Si l’article L.1232-6 susmentionné dispose que la lettre de licenciement doit être adressée par lettre recommandée avec accusé de réception, il ne s’agit que d’un « moyen légal de prévenir toute contestation sur la date de notification du licenciement » [1] puisque la date d’envoi marque la rupture des relations contractuelles [2] et sa première présentation au salarié fait courir le point de départ du préavis [3].

Ainsi, la Cour de cassation admet également la notification du licenciement par lettre remise en main propre [4], Chronopost [5] ou voie d’huissier [6].

En tout état de cause, l’article L.1232-6 du code du travail dispose que l’employeur ne peut envoyer la lettre de licenciement moins de deux jours ouvrables après la tenue de l’entretien préalable.

Cette disposition permet, en théorie, d’éviter que l’employeur ne licencie trop rapidement un salarié sans avoir pris le temps d’étudier les éventuelles explications du salarié.

En cas de licenciement pour motif disciplinaire, et afin que le salarié ne soit pas laissé dans l’incertitude, l’employeur doit lui adresser sa décision dans un délai maximal d’un mois en application de l’article L.1332-2 dudit code.

Si la sanction du non-respect de l’article L.1232-6 est l’irrégularité du licenciement, c’est-à-dire que le licenciement reste valable mais que le salarié peut prétendre à une indemnisation qui ne peut être supérieure à un mois de salaire [7], la notification hors délai du licenciement disciplinaire remet en cause sa validité tout comme l’absence de notification du licenciement.
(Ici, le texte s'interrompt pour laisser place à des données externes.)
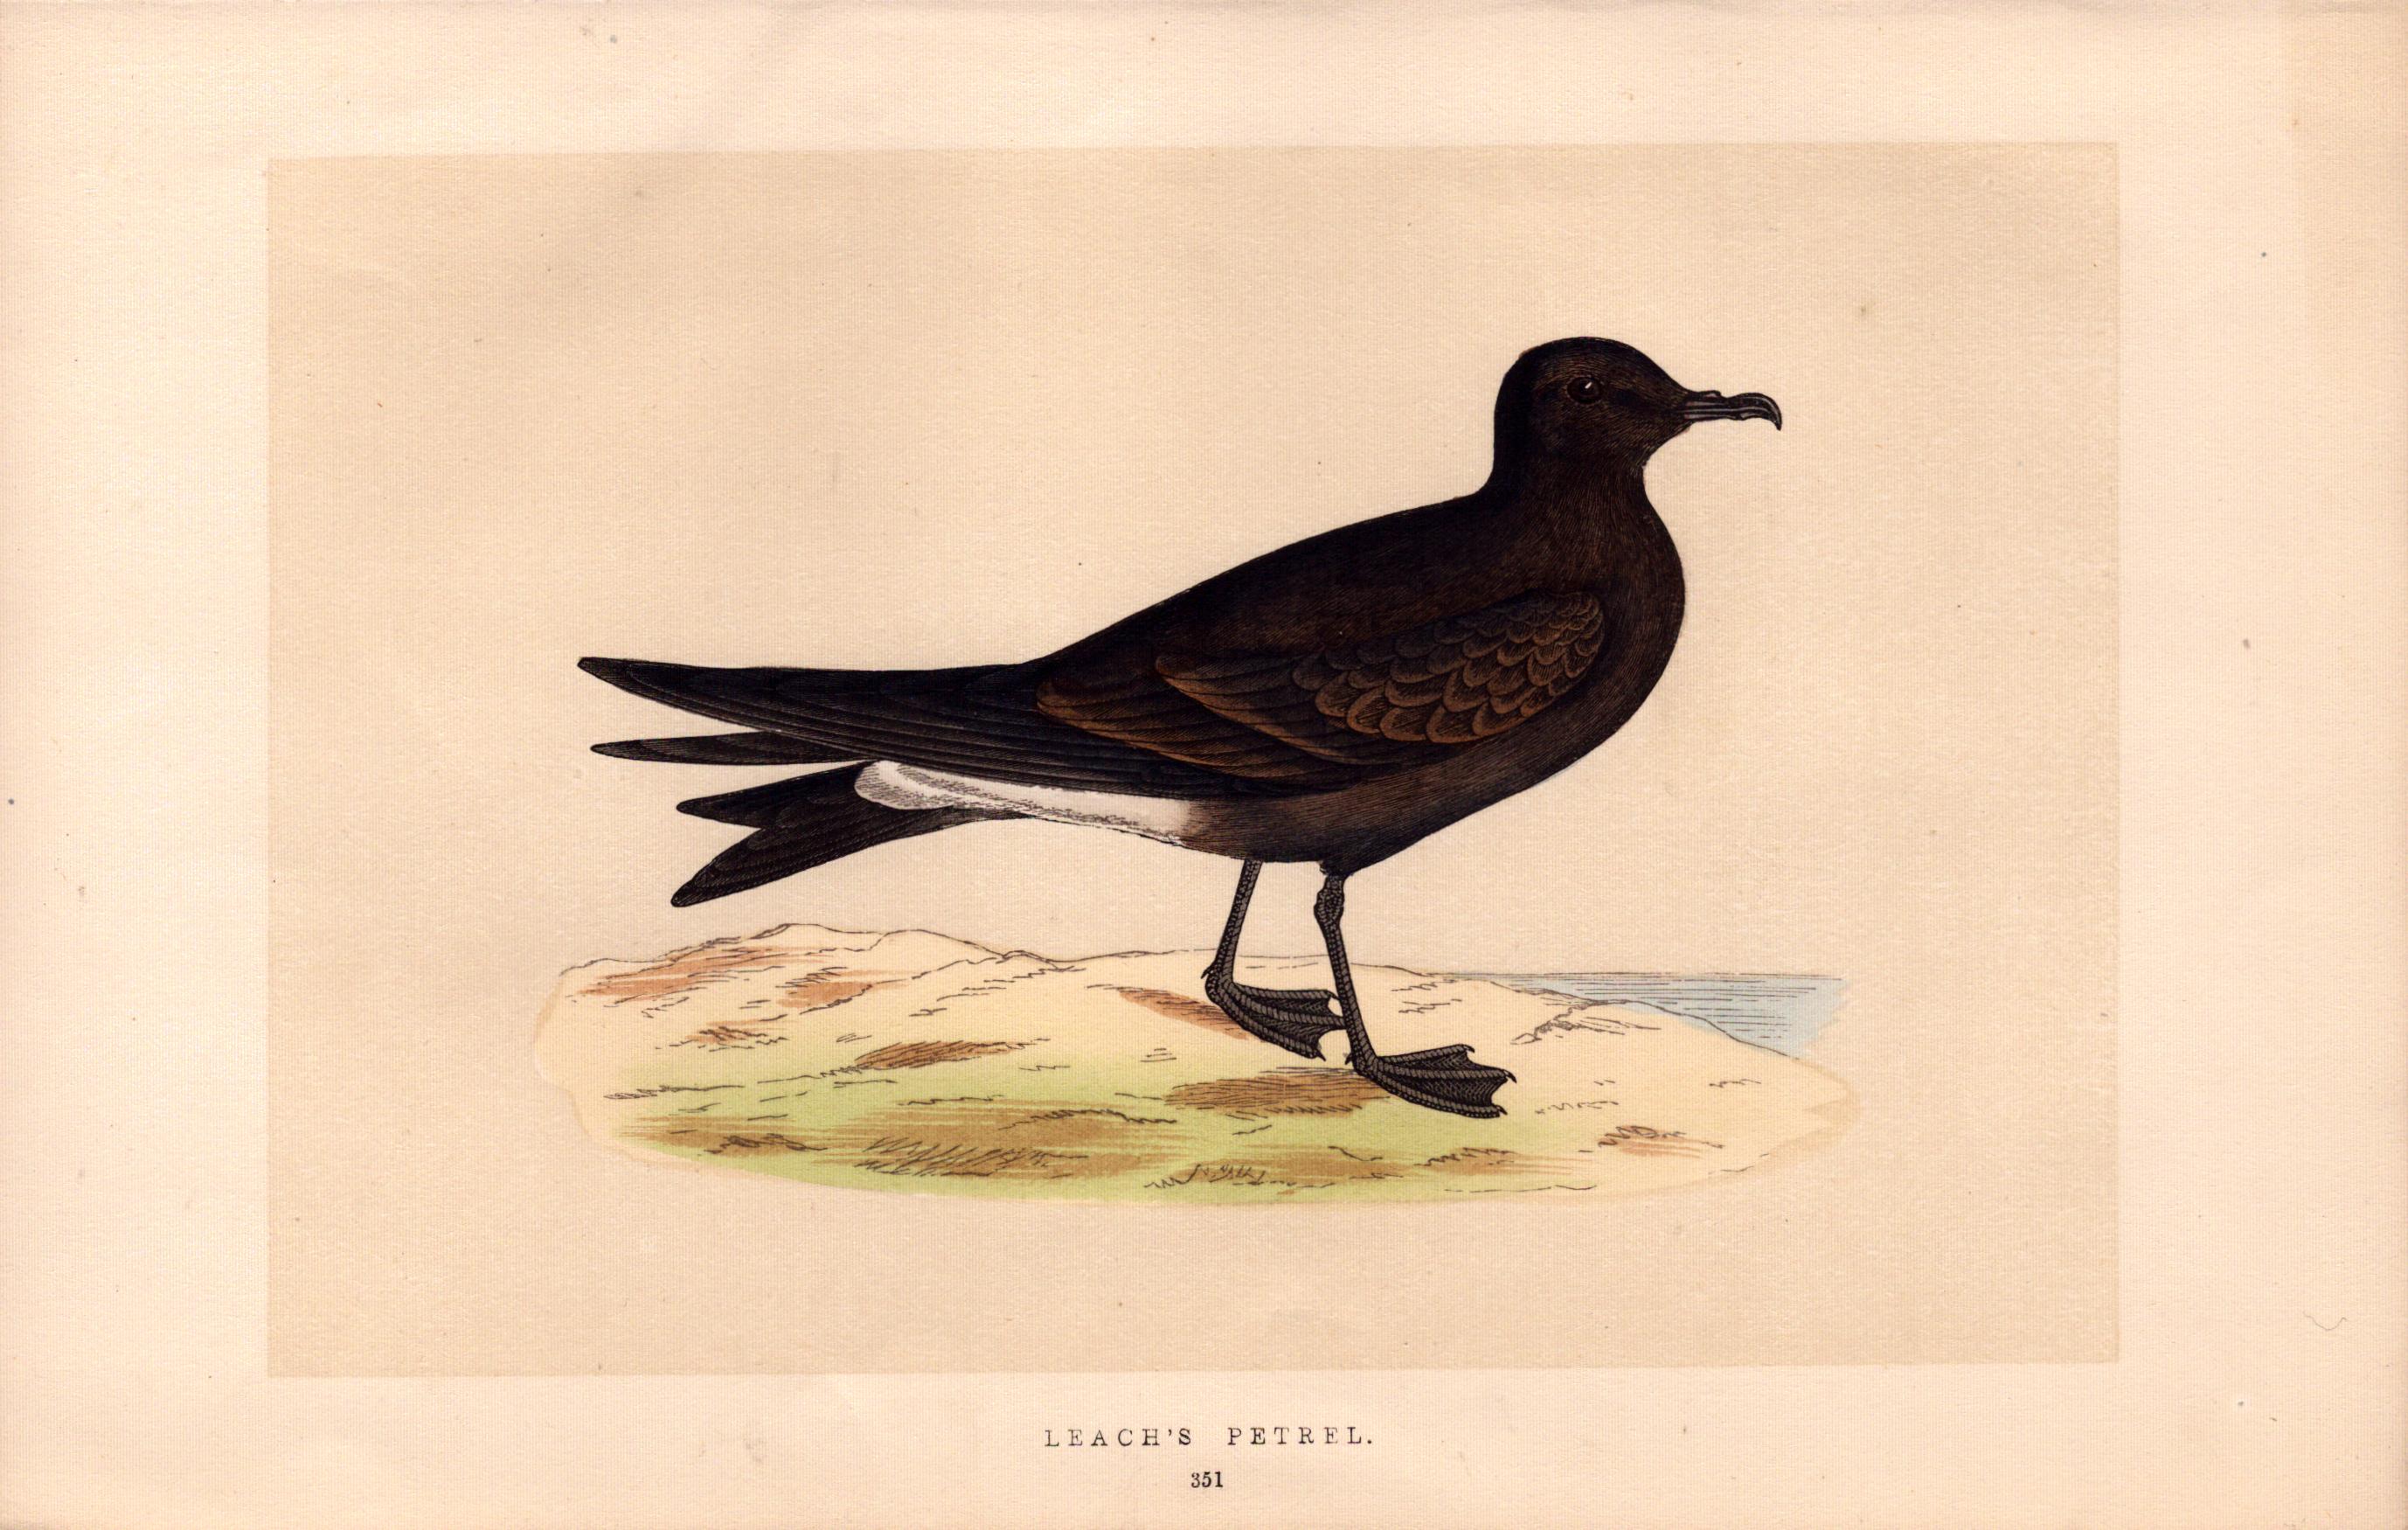 Leach’s Petrel Rev Morris 1857 Antique History of British Birds Engraving.

En effet, il est de jurisprudence constante que « la lettre de licenciement pour motif disciplinaire doit être notifiée au salarié dans le délai d’un mois à partir de la date de l’entretien préalable ; qu’à défaut, le licenciement est dépourvu de cause réelle et sérieuse » étant précisé « que lorsque le licenciement est notifié par lettre recommandée, il convient, pour déterminer la date de la notification, de se placer à la date de l’envoi de la lettre » [8].

Par conséquent, la preuve la notification de la lettre de licenciement au salarié, et de sa date lorsqu’il est d’ordre disciplinaire, est un élément crucial dans la validité d’un licenciement.

Toutefois, même si l’employeur est en mesure de prouver la date à laquelle il a envoyé la lettre de licenciement, il arrive que le salarié n’en ait pas connaissance.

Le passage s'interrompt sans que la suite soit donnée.